TinySort will sort any nodetype by it’s text- or attribute value, or by that of one of it’s children.
You can download TinySort as zip or do a repository checkout. If you stumble upon anything out of the ordinary you can file them here.
The examples below should help getting you on your way.

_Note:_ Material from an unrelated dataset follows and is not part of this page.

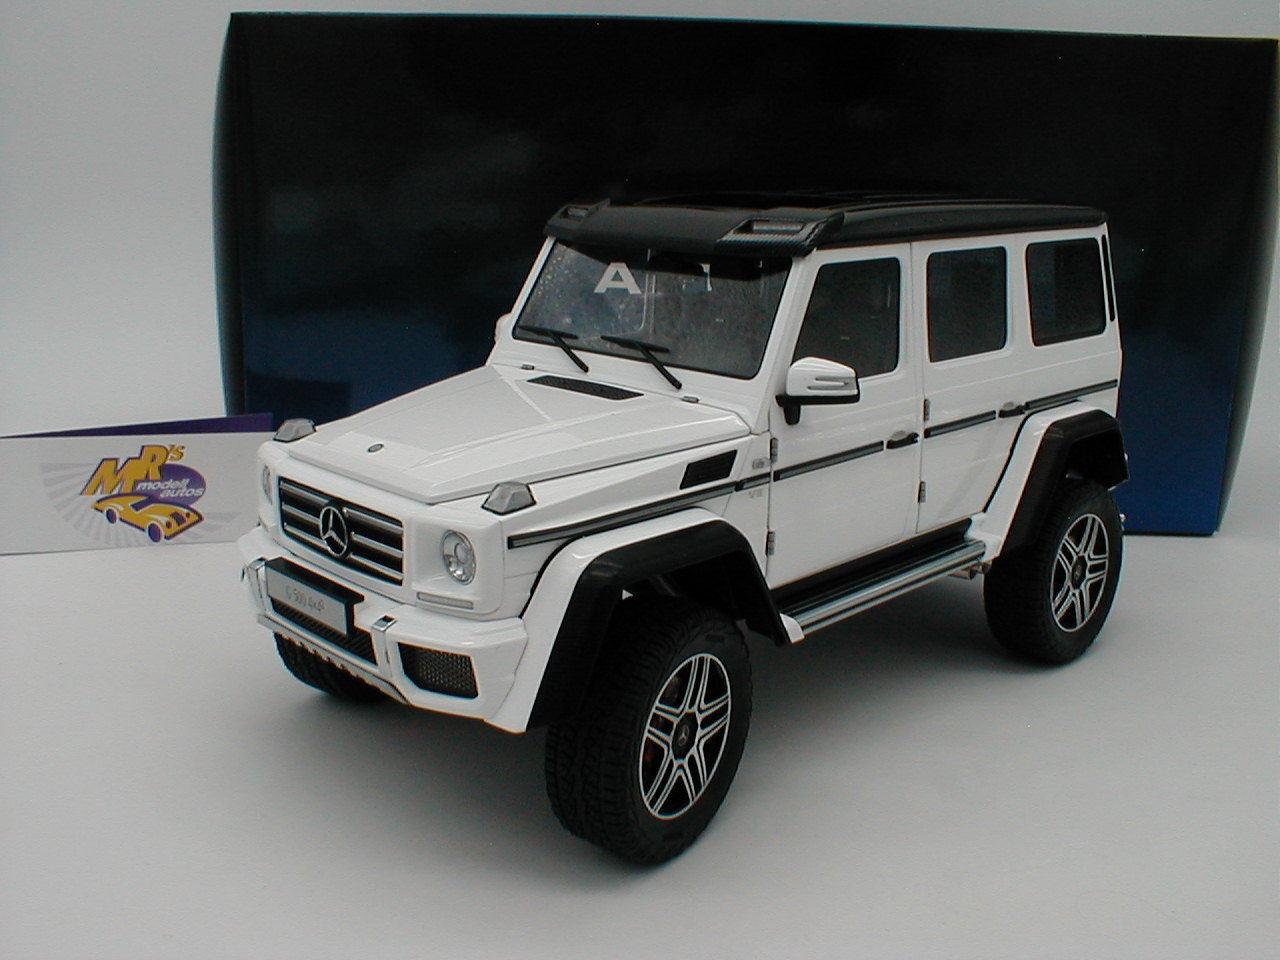 Autoart 76316-Mercedes-Benz g500 4x4² año de fabricación 2015  blancoo-brillante  1 18 nuevo
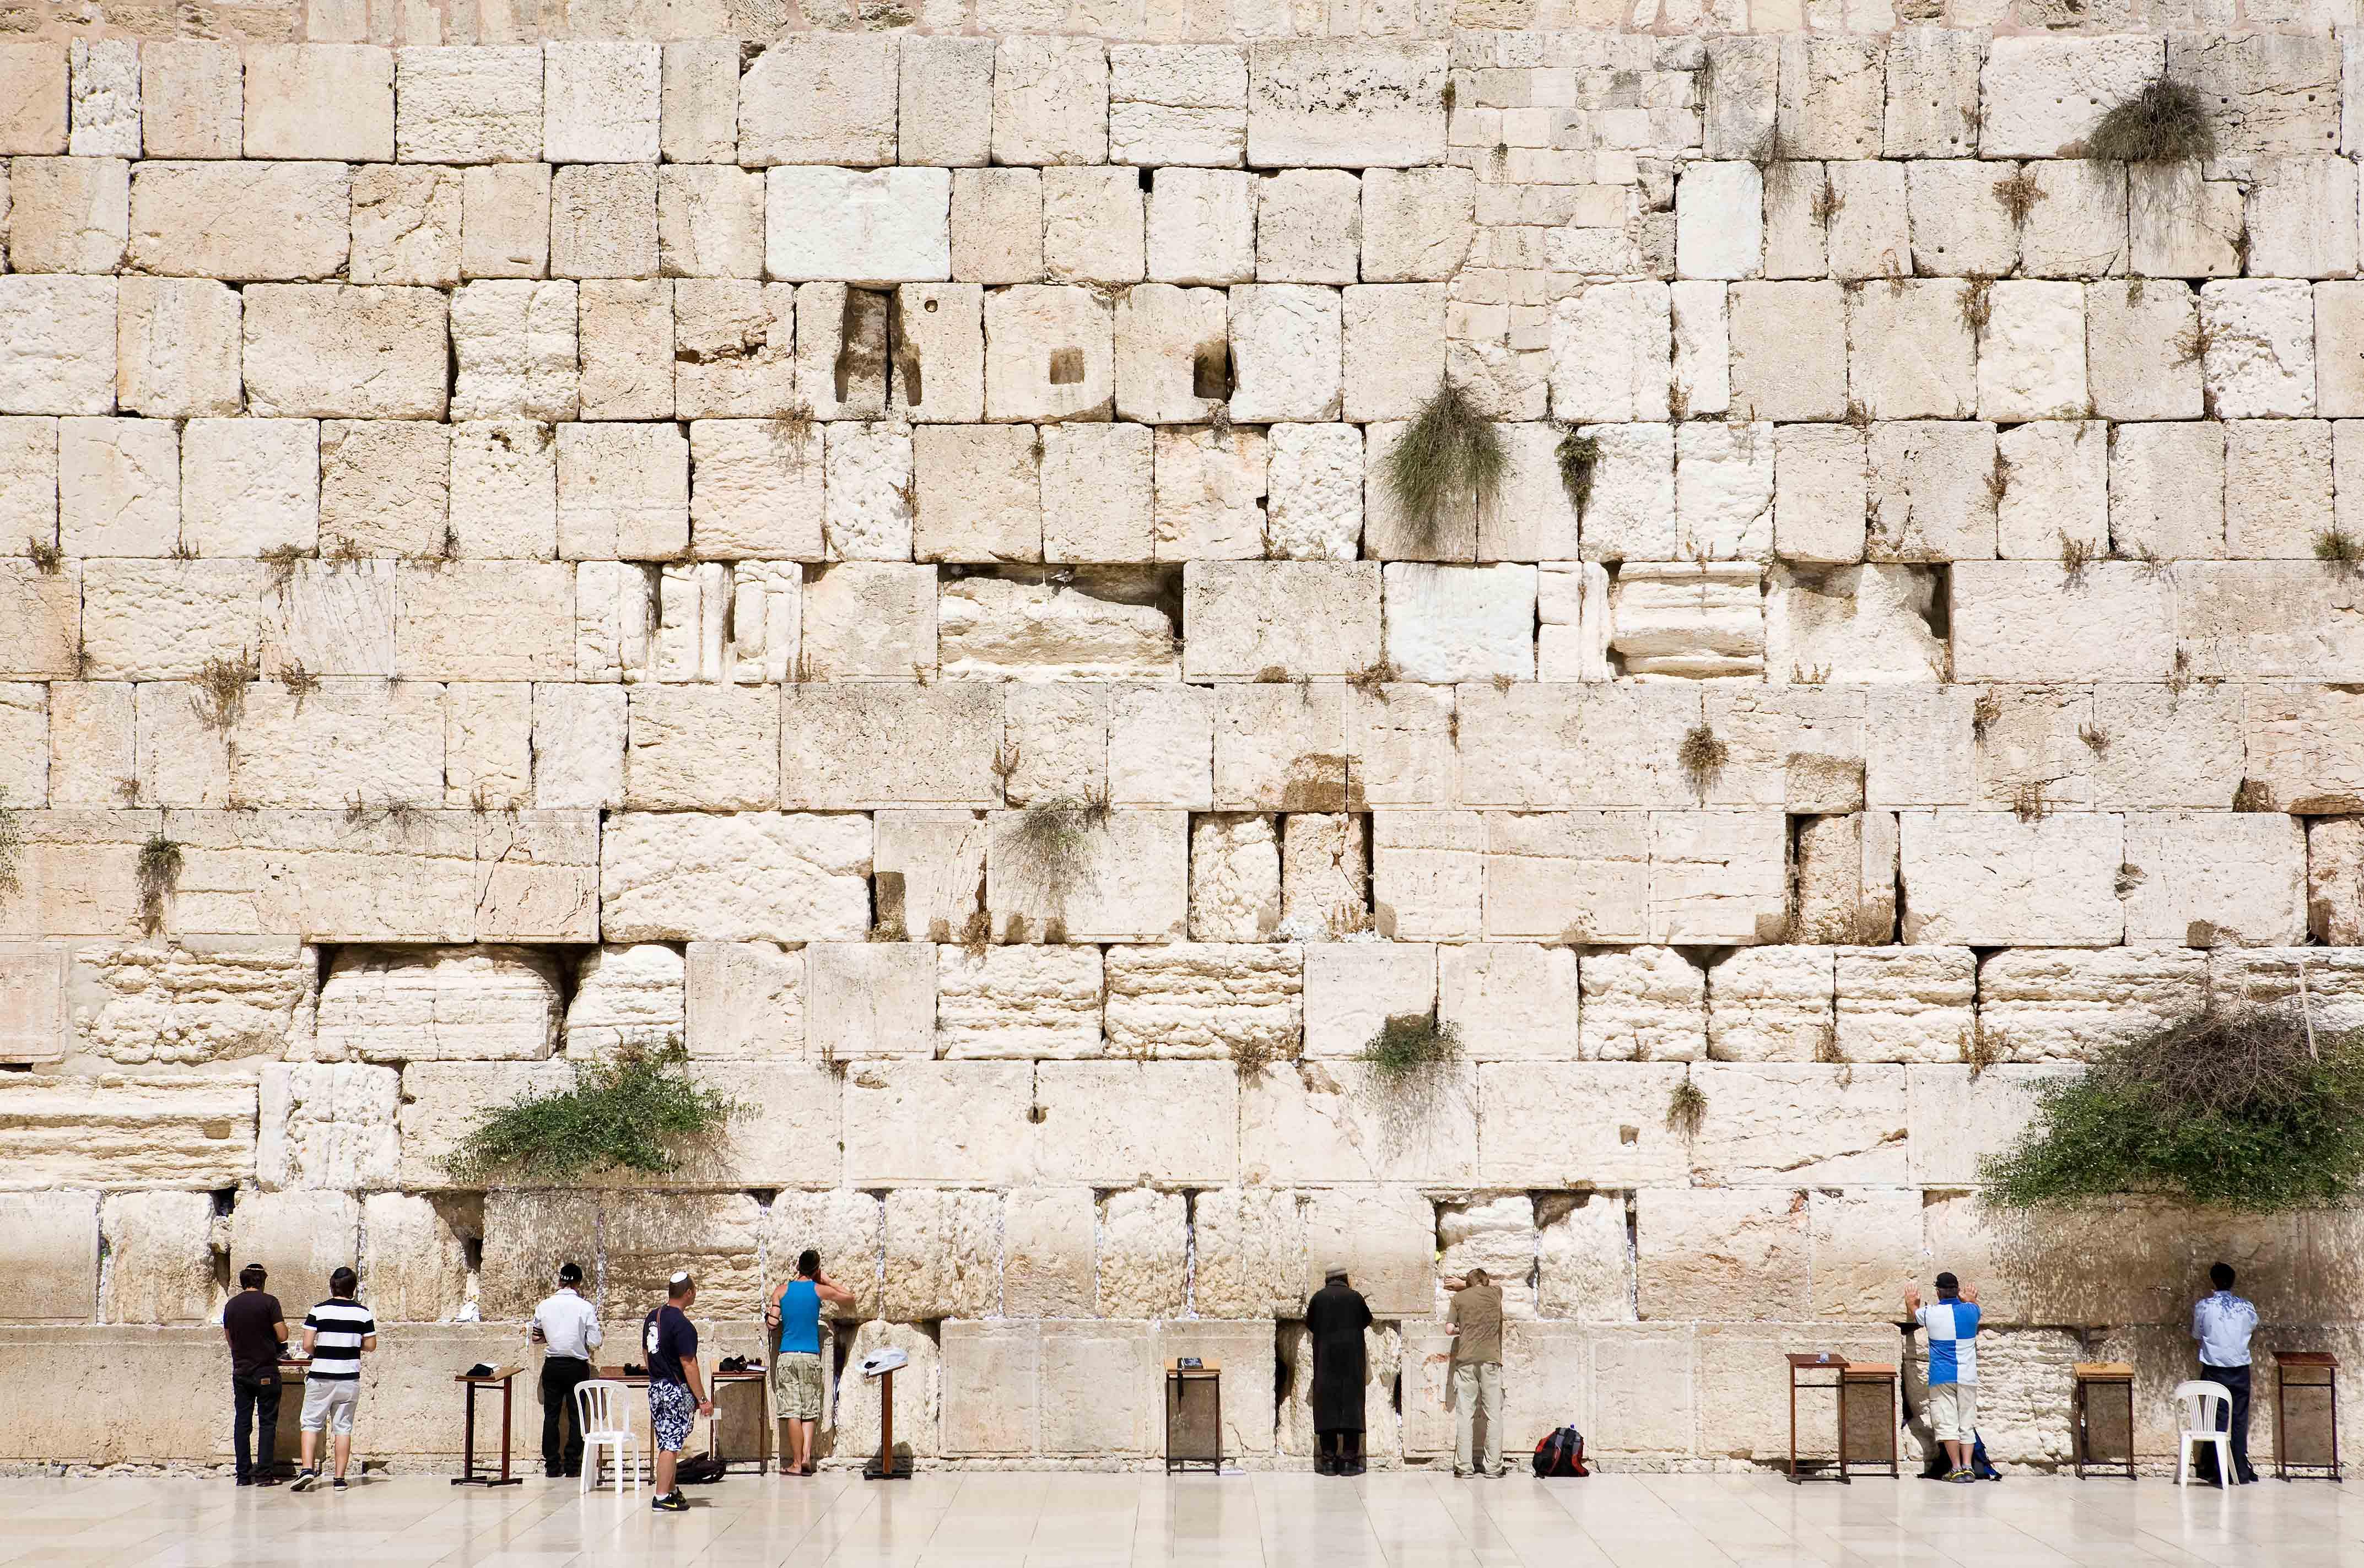 Jordan, Israel & the Palestinian Territories 3

The first parse in the tsort function can either be nothing...
$("li").tsort();
$("ul#people>li").tsort();
a string (as you would in find)...
$("ul#people>li").tsort("span.surname");
a 'settings' object...
$("ul#people>li").tsort({place:"end"});
or both...
$("ul#people>li").tsort("img",{order:"desc",attr:"alt"});
Change default settings globally like so:
$.tinysort.defaults.order = "desc"; $.tinysort.defaults.attr = "title";
TinySort has four settings:
| property | type | description | possible values | default | ||||||||
|---|---|---|---|---|---|---|---|---|---|---|---|---|
| order | String | the order of the sorting method |
|
"asc" | ||||||||
| attr | String | order by attribute value (ie title, href, class) | anything | "" | ||||||||
| place | String | determines the placement of the ordered elements in respect to the unordered elements filtered out by using the 'attr' setting or the first parsed 'find' string |
|
"start" | ||||||||
| returns | Boolean | affects the returned jquery array |
|
false |
The default sort is done by simply calling the 'tsort' function onto your selection.
$("ul#xdflt>li").tsort();
You can provide an additional subselection by parsing a jquery sub-selection string into the tsort function. The returned array will be in the newly sorted order.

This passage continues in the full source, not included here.